Where all other renowned test automation testing tools are struggling to lower the time consumed in understanding the context of a page, Preflight is proud of the remarkably fast context awareness that makes it dominate out there.
Our game-changing packages are waiting to let you experience such amazing AI-based software testing.
AI or Artificial Intelligence is one of the best blessings of technology. It has become our best friend in several of our daily tasks.
For example, we enjoy the immense ease that Google Assistant provides us, we enjoy so many tasks getting completed through voice commands, the world is experiencing a massive increase in productivity because of self-driven vehicles, etc. In short, today, AI is everywhere.
Now, we are going to see what benefits it provides in software functional testing.
Improvement In Visual Identification of Bugs: In conventional performance testing processes, QA engineers develop codes that look for bugs and drawbacks in web products.
But, those codes may overlook or become unable to detect some visual bugs that are crucial from the users' perspective.
On the other hand, AI has numerous long code scripts and test cases set up and working in the back-end. So, it observes every minor to the major aspect of the application.
AI uses its pattern recognition and image recognition capabilities to perform visual testing on the elements.
It looks at the application from the users' perspective, analyzes the UI components at a pixel level, and ensures that they are functioning properly.
Helps In Achieving Better Accuracy: Manual testing means there are always chances of human-prone errors like overlooking some parts, focusing on different parts during repetitive tests, etc.
Using AI demolishes the need for repetitive tests as it minutely checks every smaller than the smallest part in every test run.
And, with Preflight, every test is auto-recorded and saved. Hence, the users are free to check it whenever and as many times they want and analyze everything they need to test.
Also, with AI technologies, Flaky tests do not bother the testing team that much. In manual tests or with conventional test automation technologies, mostly QA engineers find random failures in the tests due to bugs or poorly written test scripts.
Better Test Coverage and Efficiency: As we can easily see that complex and time-consuming test steps like checking the file contents, data tables, memories, internal program states become so seamless with AI that users can achieve a much better test coverage within little time and with significantly fewer resources.
Hence, from this observation of much better test coverage, we can conclude that using AI in software automated testing tools genuinely improves the overall test efficiency.
Easier Adaptation To Change, Maintenance, and Faster Time-to-market: As we mentioned earlier, often tiny changes in the UI or UX of any application cause lengthy test cases to break all of a sudden.
And, we know how difficult it gets to detect such a tiny change through conventional testing methodologies.

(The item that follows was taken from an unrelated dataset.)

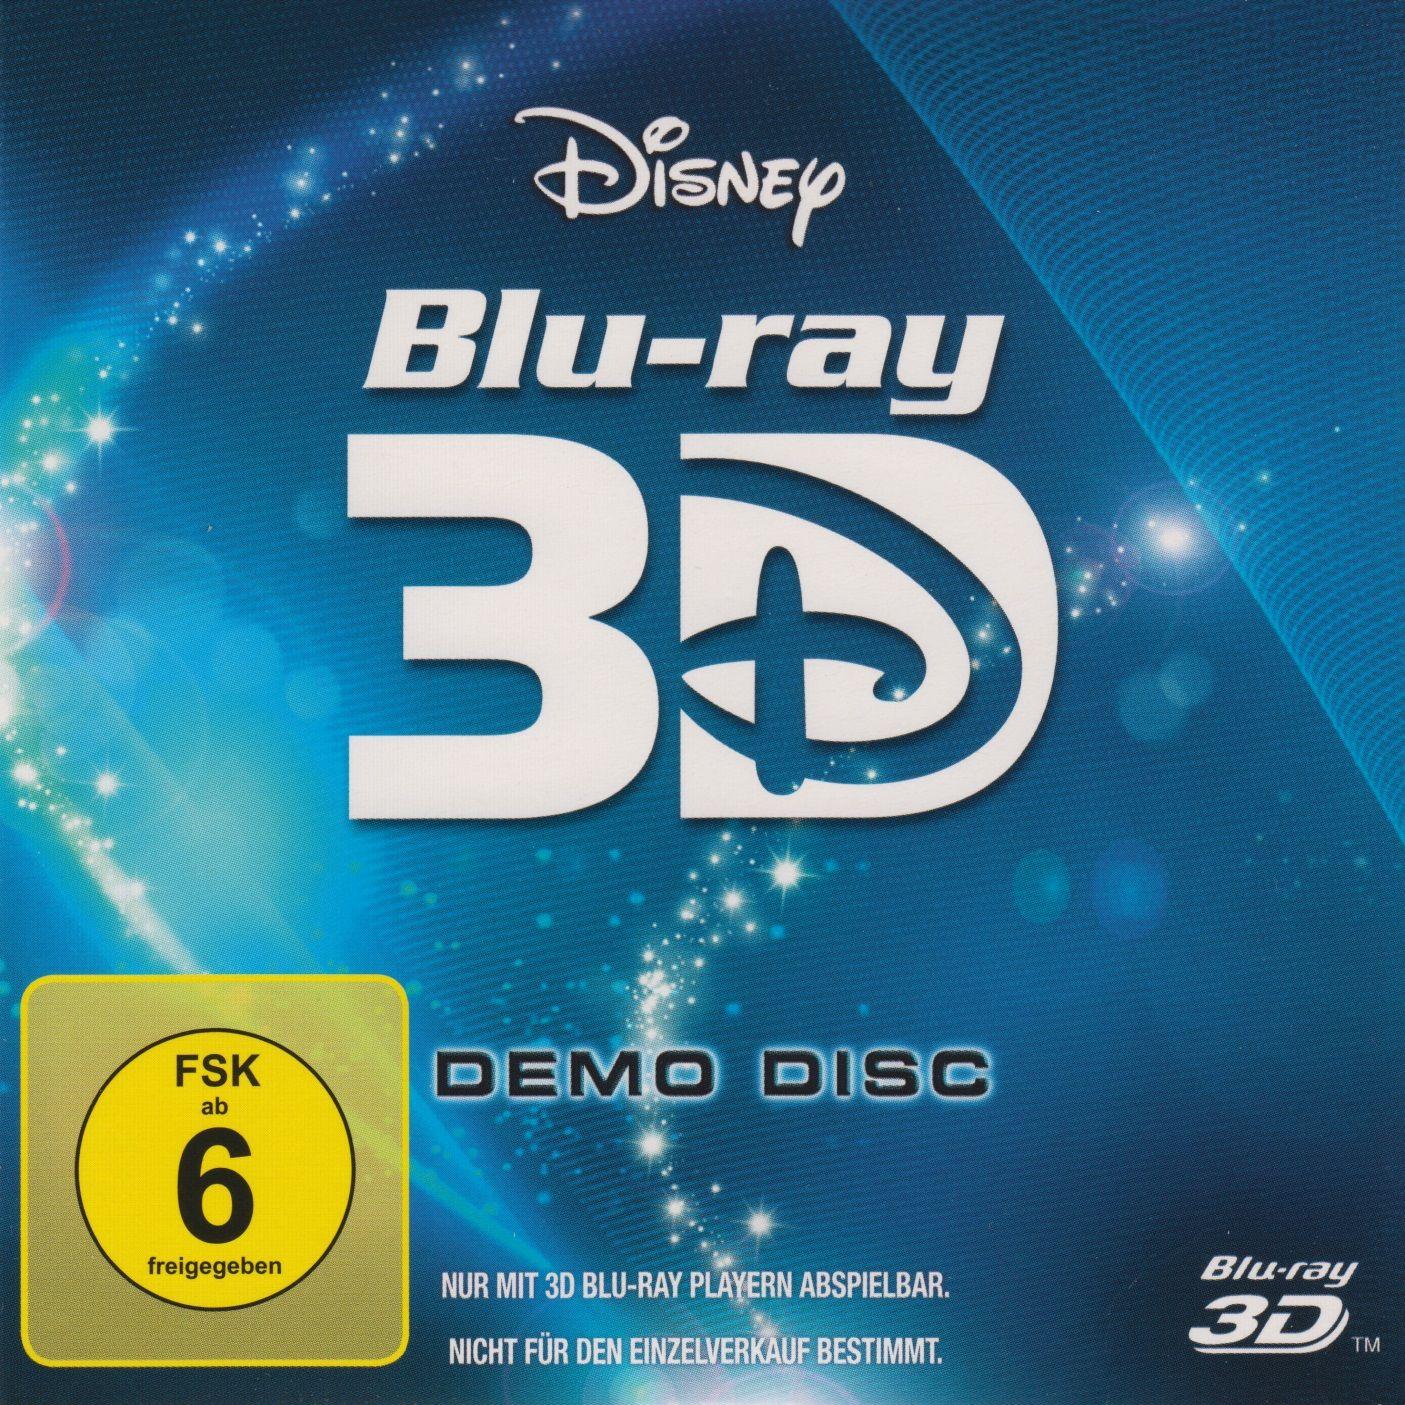 Disney Blu-ray Logo - Disney Blu-Ray 3D Demo Disc 2013

On the other hand, AI and ML algorithm-based technologies are developed with the objective of detecting the smaller than the smallest alterations in the codes and even in the UI & the UX. Hence, AI-based software testing tools like Preflight easily adapt to every change.
Also, AI and ML methodologies are capable of handling numerous operations within a much less time span.
So, they enable the users to perform much better maintenance of the complex test scripts.
These amazing benefits of AI are the reasons behind the smoothest performance of Preflight which prioritizes providing the best experience to its users over everything.
We have discussed a lot about how Preflight uses the set of next-level AI technologies in its tools.
But, without experiencing them practically, no one cannot really understand their superpowers.
Our team is always on the toes for truly using AI and developing numerous wonderful features to provide immense ease and smoothness to our users.
Explore the truly reasonable and easily affordable packages that we are offering, and get started with us.